In neuro-ophthalmology trials, demonstrating benefit requires outcomes that reflect how patients live their daily lives and how doctors evaluate disease progression. 

As Dr. Enayetallah noted, functional vision must be evaluated from more than one angle. “You want to look at things like best-corrected visual acuity… [but] it’s really important to look at both visual acuity, the sharpness, but also the visual field, how much of the world patients can see.” Loss of peripheral vision, even if central acuity remains intact, can still qualify as legal blindness and greatly restrict independence. 

To support these functional measures, structural endpoints clarify whether a treatment is affecting the underlying neural issue. Imaging tools like optical coherence tomography (OCT) let researchers examine retinal layers and optic nerve fibers in detail, revealing information about neuronal health. When structural findings can be aligned with changes in visual acuity or visual field, they offer clinicians and researchers a clearer understanding of therapeutic effect.

This combination of functional and structural endpoints allows for a more thorough assessment of neuroprotective and reparative approaches in optic nerve disease.

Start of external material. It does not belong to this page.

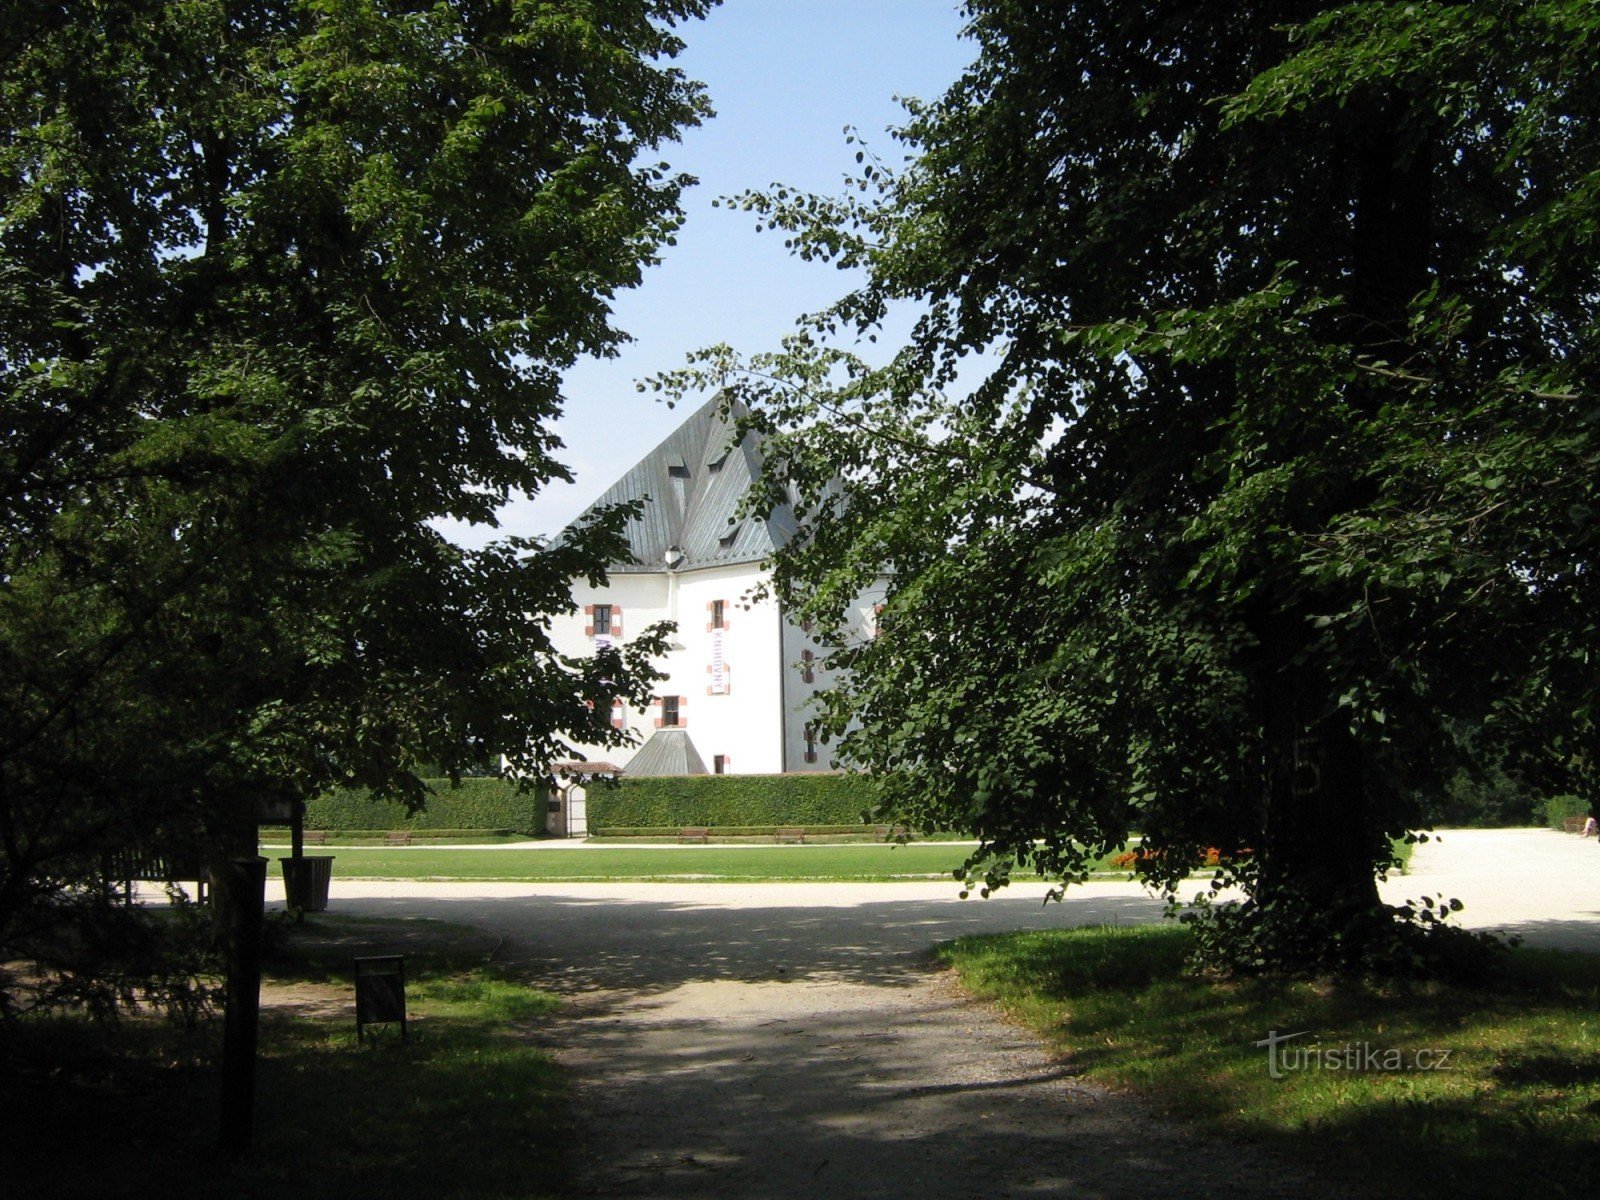 Letohrádek Hvězda and its nature reserve

Regulatory Innovation and the Impact of the FDA’s CNPV Program

Dompé’s selection into the FDA’s CNPV program represents formal recognition of both the severity of NAION and the absence of available therapies. 

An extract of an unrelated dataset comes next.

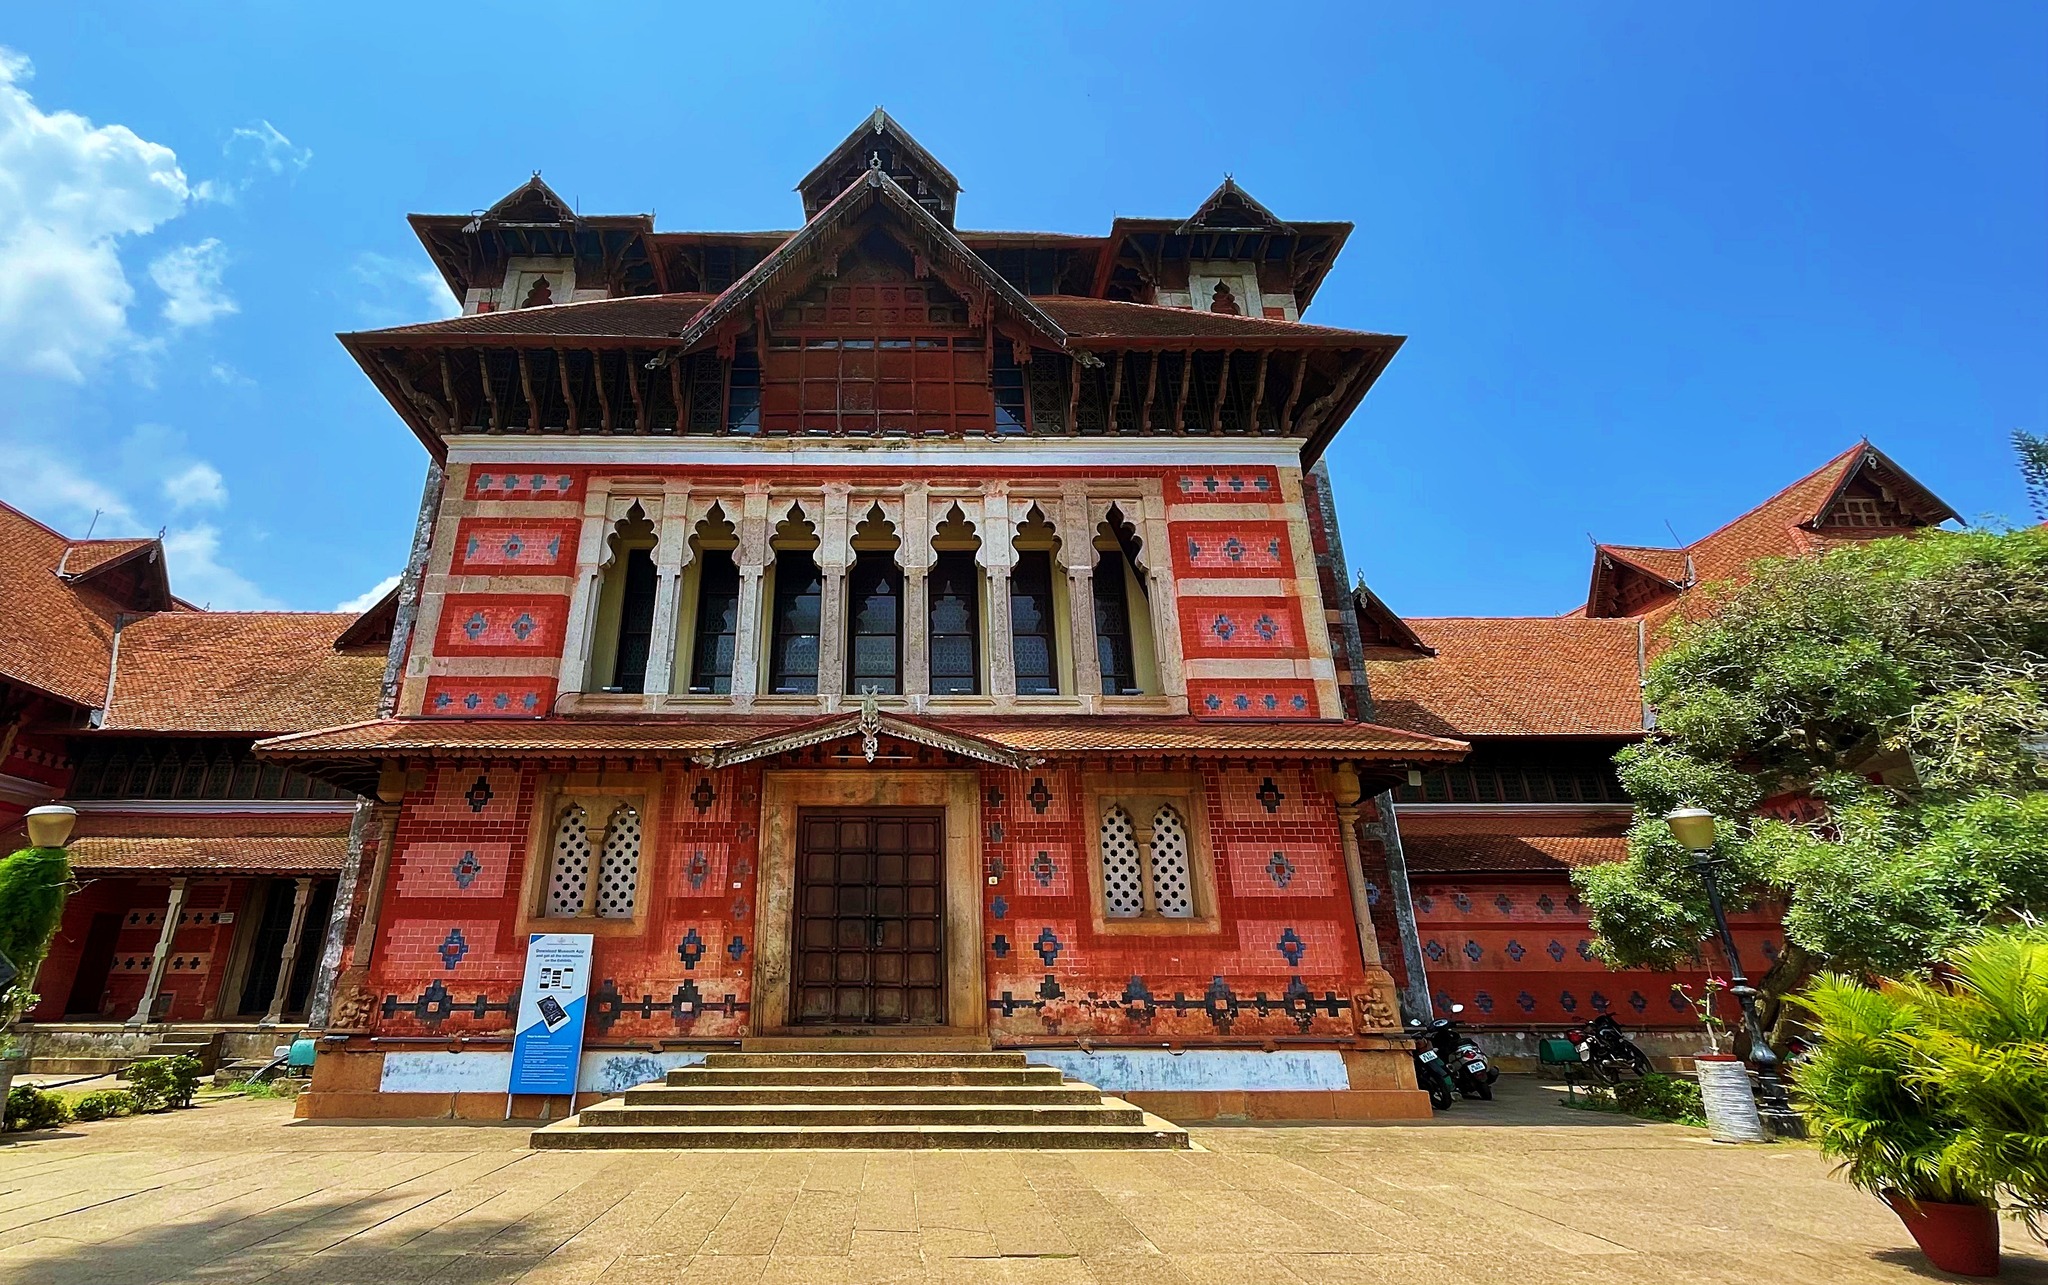 Napier Museum in Trivandrum

Among just nine programs chosen in the pilot’s first round, Dompé was the only company advancing an ophthalmic indication.

As Dr. Enayetallah explained, the designation reflects more than regulatory speed; it signals prioritization of an area long defined by limited options.

“It’s almost some sort of external validation of the unmet need and the seriousness of the condition,” he said.

 The voucher allows for a significantly shorter review timeline, reducing the typical 10 to 12 months to only one or two months. It also promotes closer and more ongoing communication with FDA review teams. 

For patients facing vision loss, which is often sudden and irreversible, this faster process has real-world effects. Early regulatory review may lead to quicker access to potential treatments in a condition where lost time often means lost function. 

Targeting Root Causes in Optic Neuropathy

Rather than focusing solely on managing downstream consequences of vision loss, Dr. Enayetallah frames Dompé’s approach as an effort to intervene at the level of underlying pathology. 

In conditions associated with aging and cardiometabolic disease, he noted that current care often addresses symptoms without altering the disease course. By contrast, neurotrophin-based approaches aim to preserve or restore physiological function at the site of neural injury.

“What we’re trying to do here in NAION is really a potentially disease-modifying treatment. We are trying to either stop or reverse the pathology and restore the physiological function,” he noted. This focus on treating the root cause marks a significant change in how optic neuropathies are treated. 

In addition to developing treatments, the program also raises awareness about a condition that has often been overlooked. 

Dr. Enayetallah pointed to the lack of visibility and advocacy in NAION compared with other diseases, adding that “by doing the work, in a way, we are almost a public health advocate for this disease area.” 

Through research and community engagement, these efforts can help improve the understanding and recognition of NAION in both clinical and public health circles.